Objective
Academic human biology seeks to characterize and explain human biocultural variation in terms of adaptations to local environments. Understanding and educating about such variation, if not carried out thoughtfully, can reinforce power asymmetries around who can produce and access the knowledge, and in what ways and places. One of many factors contributing to power inequities in knowledge production and access concerns histories of state‐driven colonization, with people(s) dispossessed of land through colonization generally having relatively less power.

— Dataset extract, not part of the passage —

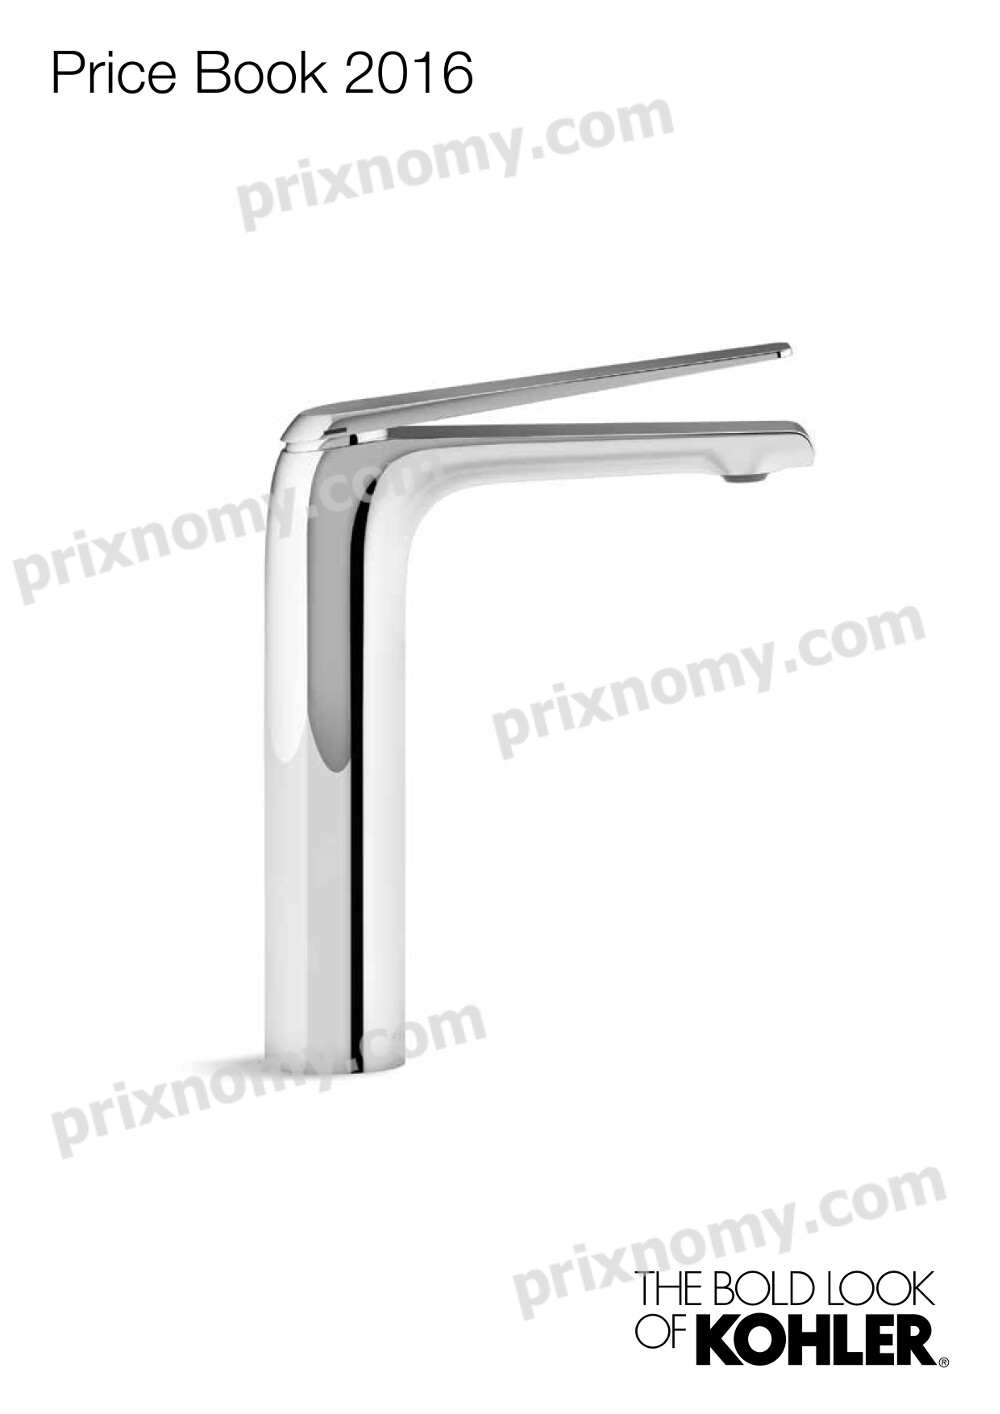 Kohler Bathroom Accessories Price List 2016   Prixnomy

Because human biologists disproportionately work with communities/sub‐populations living in marginal environments, most of which have been moved, dispossessed, and/or reconfigured through colonization, we are prone to reproducing these land‐related power imbalances but we are also well‐situated to level them.
Methods
Here, we do three things we hope will move us toward research and teaching practices that recognize and begin to disrupt colonial power inequities in human biology knowledge production and access.
Results
First, after defining terms core to understanding the power matrices at stake, we outline likely benefits to human biologists of using anticolonial approaches. Second, we highlight two frameworks offering anticolonial tools (community‐based participatory research and “two‐eyed seeing”). Third, we suggest several practical, behavioral changes to make and skills to develop for human biologists looking to shift power balances.
Conclusion
We conclude by reflecting on our own positions along the colonially rooted power gradients structuring human biology. We argue that doing so constitutes an essential early step toward creating anticolonial spaces for more ethical and just production, consumption, and application of knowledge.